## Prompt
Whenever a line below holds the word "with", copy that line.

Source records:
━━━━━━━━━━
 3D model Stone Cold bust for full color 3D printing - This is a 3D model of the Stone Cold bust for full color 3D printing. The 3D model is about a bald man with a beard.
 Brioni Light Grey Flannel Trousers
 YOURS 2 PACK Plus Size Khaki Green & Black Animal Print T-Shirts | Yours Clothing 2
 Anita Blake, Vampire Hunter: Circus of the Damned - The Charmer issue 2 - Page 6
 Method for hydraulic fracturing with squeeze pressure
━━━━━━━━━━
## Response
 3D model Stone Cold bust for full color 3D printing - This is a 3D model of the Stone Cold bust for full color 3D printing. The 3D model is about a bald man with a beard.
 Method for hydraulic fracturing with squeeze pressure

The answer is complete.